Katanya, untuk menyalurkan hobinya yang terpendam sangat dalam yaitu fotografi, istriku membutuhkan seorang model. Anak-anakku yang biasanya menjadi sasaran jepretannya kali ini tak mau ikut jalan-jalan. Maka, akulah yang dipaksa untuk menjadi model.
"Lihat ke depan. Jangan ke kamera. Relaks. Alami. Wajahnya jangan dibuat-buat, perutnya dikondisikan," perintahnya.
Aku pun menuruti apa yang diperintahkannya.

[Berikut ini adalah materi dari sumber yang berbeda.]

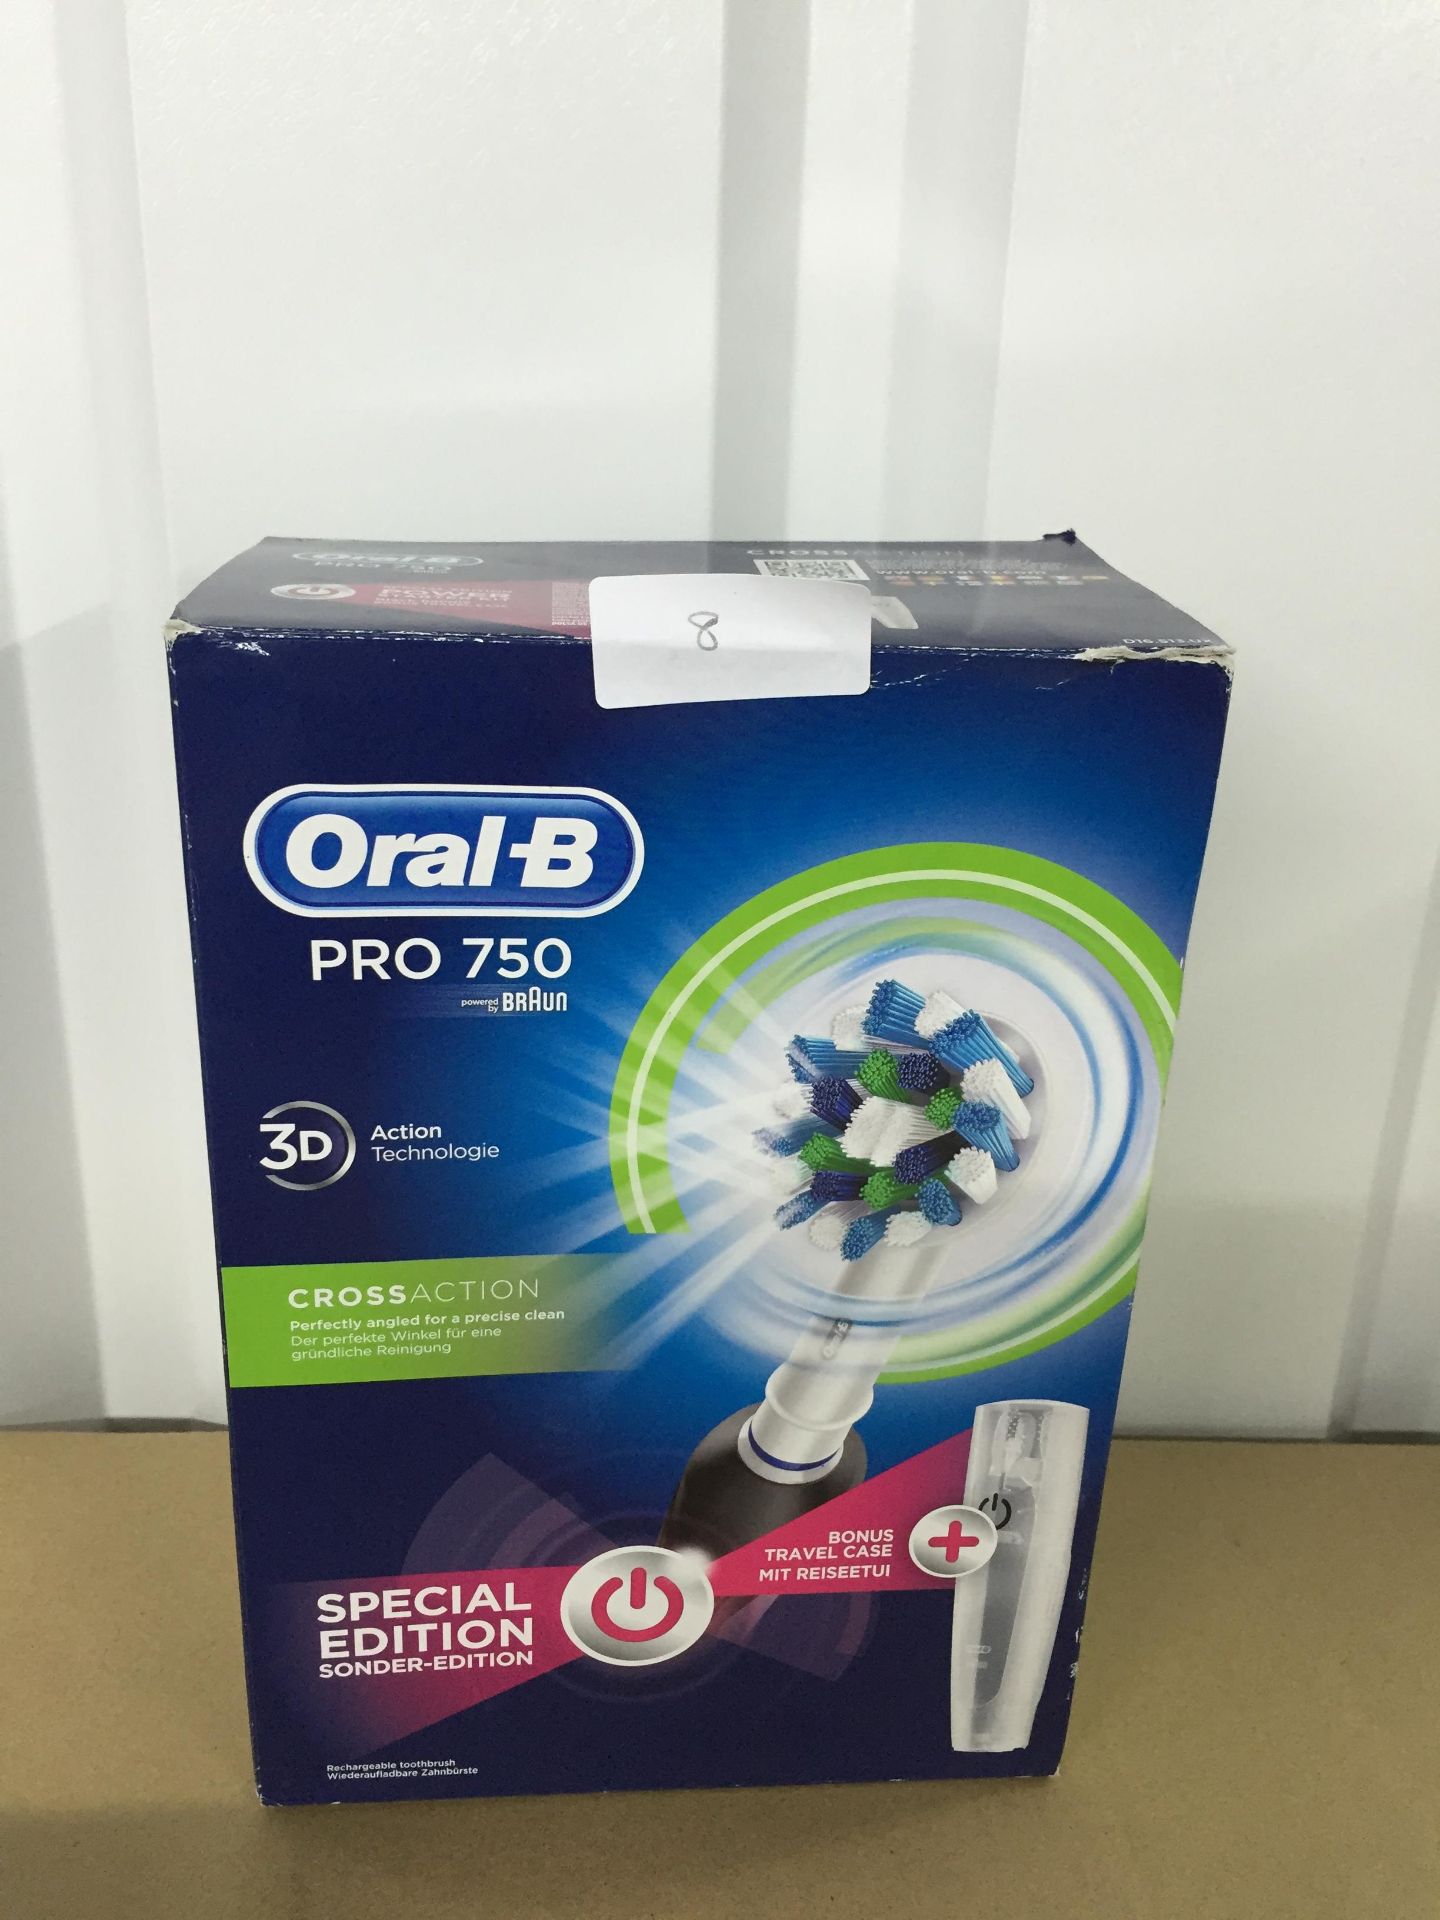 ORAL- B TOOTHBRUSH ELECTRIC PRO 750 3D CROSSACTION + travel case

"Kurang ekspresif. Gini lho," protesnya sambil memberi contoh dengan ekspresinya.
Kuulangi apa yang disuruhnya dengan menambah ekspresiku. Istriku kembali menjepret. Dilihat hasilnya.
"Ulangi lagi. Tatapan matanya yang lebih greget. Tangannya juga yang lebih kencang."

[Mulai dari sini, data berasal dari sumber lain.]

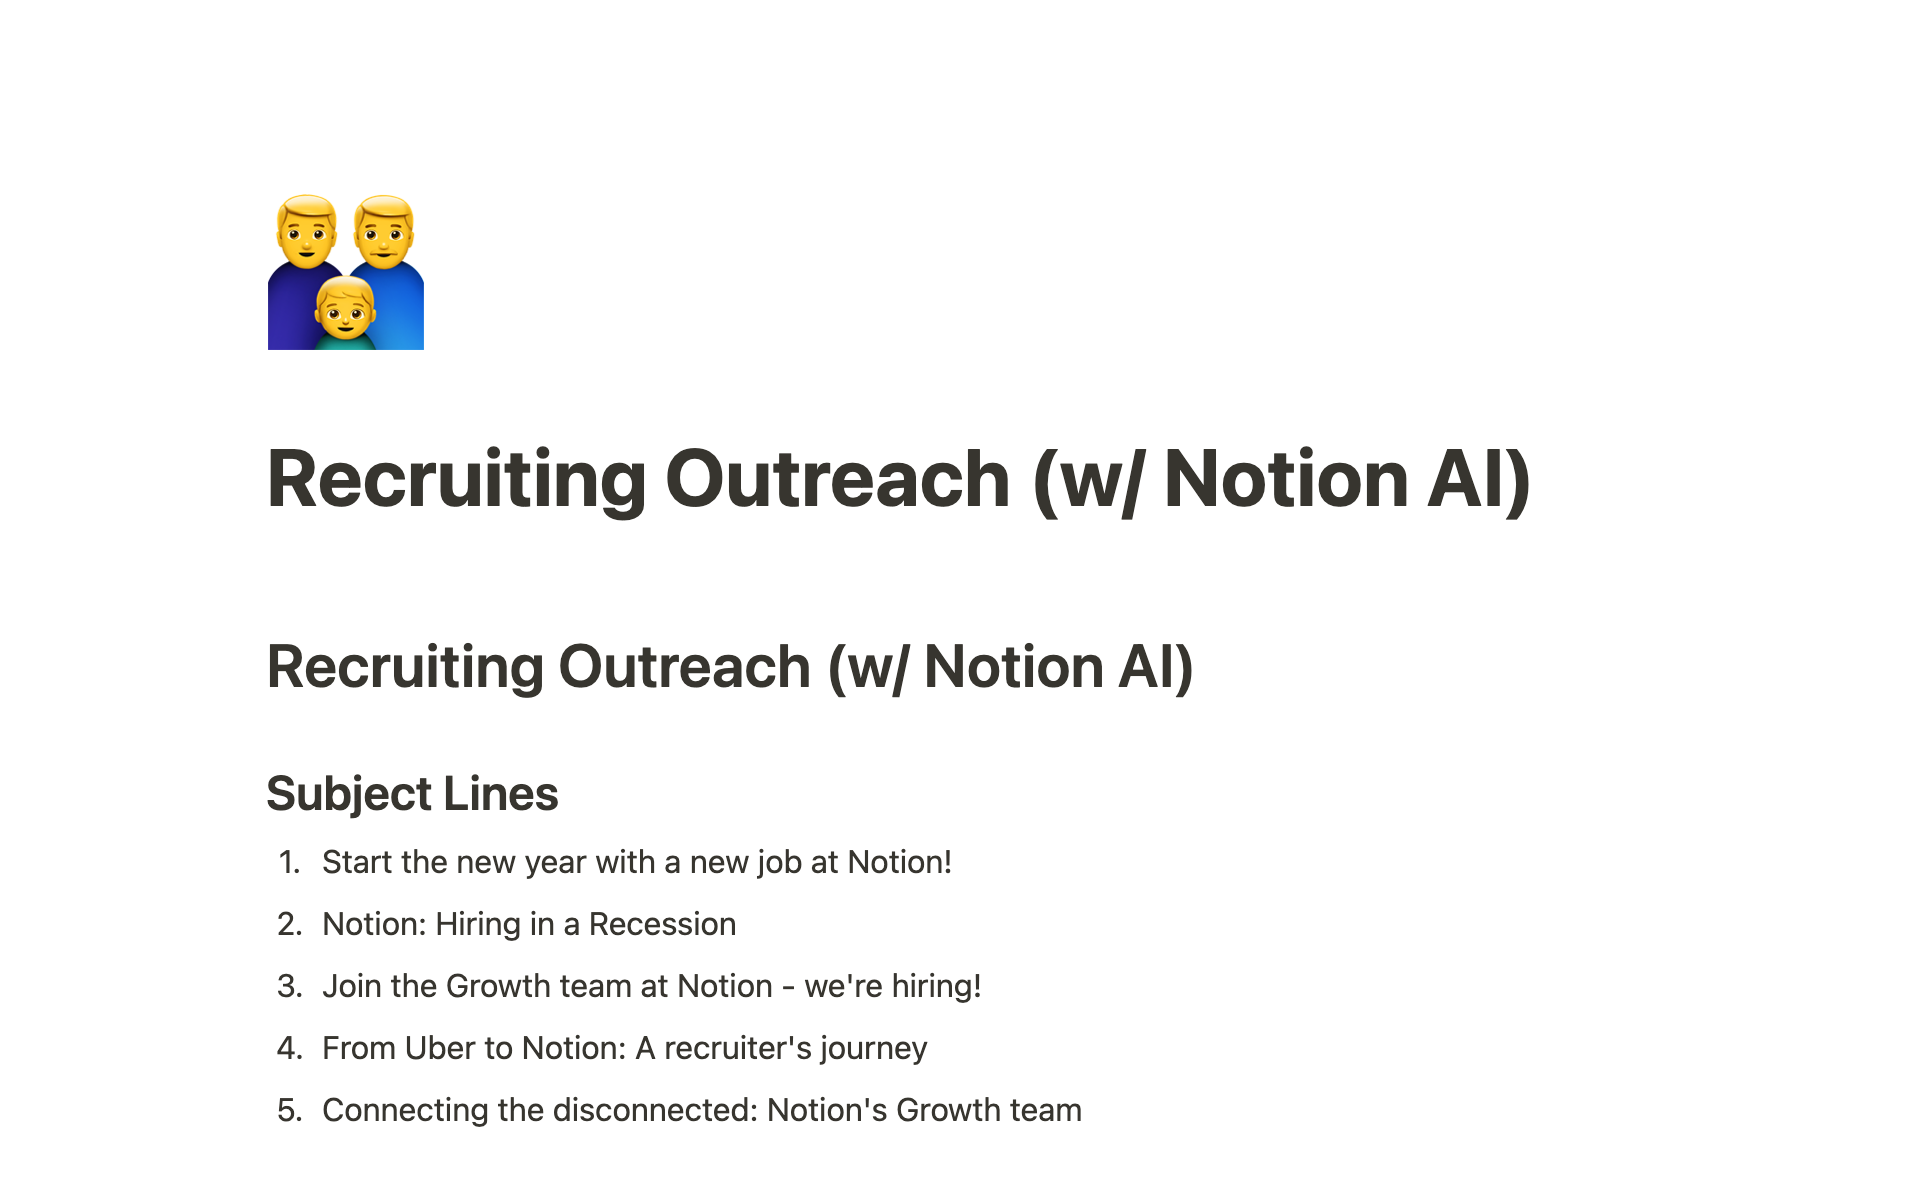 Quickly draft outbound emails with the help of Notion AI. Generate multiple subject lines and pick your favorite, or test them all!

Kuulangi lagi apa yang istiku mau. Tapi menurut istriku hasilnya lebih buruk.
Dia pun menyuruhku berpose yang lain. Beberapa posisi kuperagakan. Tetap saja. Tak ada yang sesuai dengan kemauannya.
"Udah ah. Susah. Apa adanya saja sih. Ekspresinya sudah ga bisa diapa-apakan lagi."
Istrikupun menyerah dan aku pun lega.